Identification and characterization of novel mutants of Nsp13 protein among Indian SARS-CoV-2 isolates

ABSTRACT SARS-CoV-2, the causative agent of COVID-19 has mutated rapidly which enabled them to adapt and evade the immune system of the host. Emerging SARS-CoV-2 variants with crucial mutations pose a global challenge in context of therapeutic drugs and vaccines being developed globally. There are currently no specific therapeutics or vaccines available to combat SARS-CoV-2 devastation. In view of this, the current study aimed to identify and characterize the mutations found in the Nsp13 of SARS-CoV-2 in Indian isolates. Non-structural protein, Nsp13 protein sequences from Indian isolates were analyzed by comparing with the first reported Severe acute respiratory syndrome Corona Virus-2 (SARS-CoV-2) protein sequence from Wuhan, China. Out of 825 Nsp13 protein sequences, a total of 38 mutations were observed among Indian isolates. Our data show that mutations in Nsp13 at various positions (H164Y, A237T, T214I, C309Y, S236I, P419S, V305E, G54S, H290Y, P53S, A308Y, and A308Y) have a significant impact on the protein’s stability and flexibility. Also, the impact of Nsp13 mutations on the protein function were predicted based on PROVEAN score that includes 15 mutants as neutral and 23 mutants as deleterious effect. Furthermore, B-cell epitopes contributed by Nsp13 were identified using various predictive immunoinformatic tools. Immunological Parameters of Nsp13 such as antigenicity, allergenicity and toxicity were evaluated to predict the potential B-cell epitopes.
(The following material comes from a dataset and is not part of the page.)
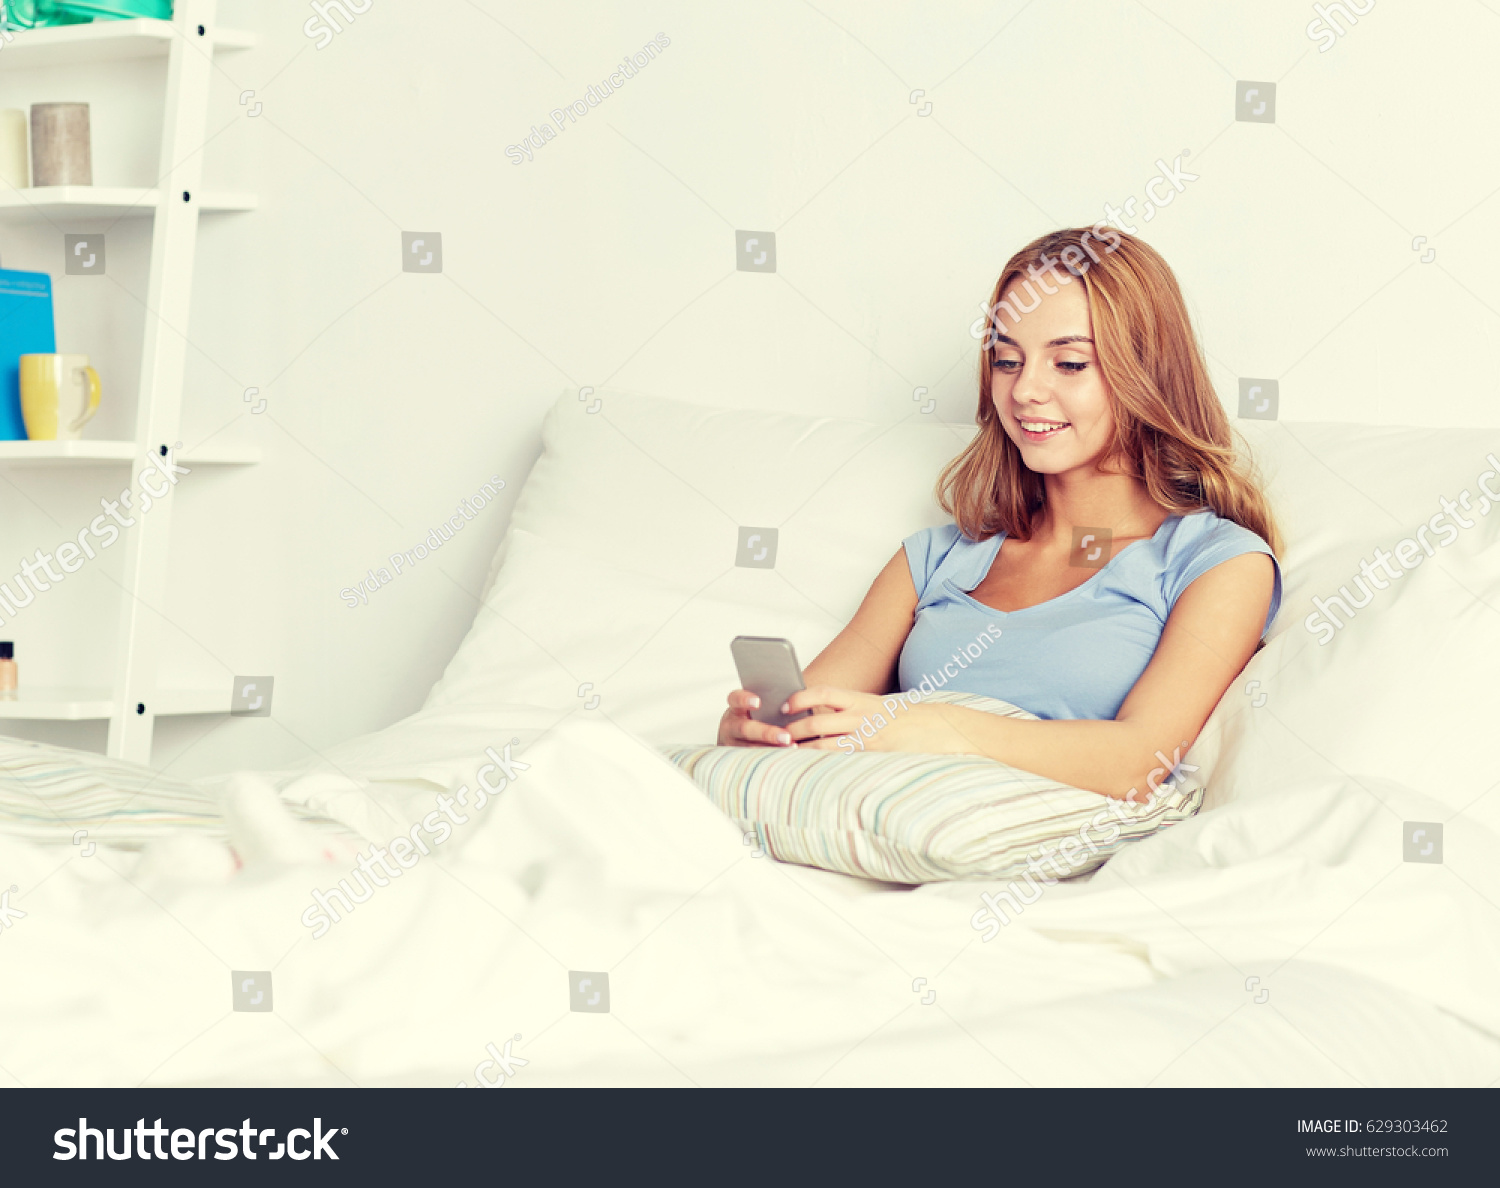 people, leisure and technology concept - happy woman or teenage girl with smartphone in bed at home #629303462

The predicted peptide sequences were correlated with the observed mutants. Our predicted data showed that there are seven high rank linear epitopes as well as 18 discontinuous B-cell epitopes based on immunoinformatic tools. Moreover, it was observed that out of total 38 identified mutations among Indian SARS-CoV-2 Nsp13 protein, four mutant residues at position 142 (E142), 245 (H245), 247 (V247) and 419 (P419) are localised in the predicted B cell epitopic region. Altogether, the results of the present in-silico study might help to understand the impact of the identified mutations in Nsp13 protein on its stability, flexibility and function.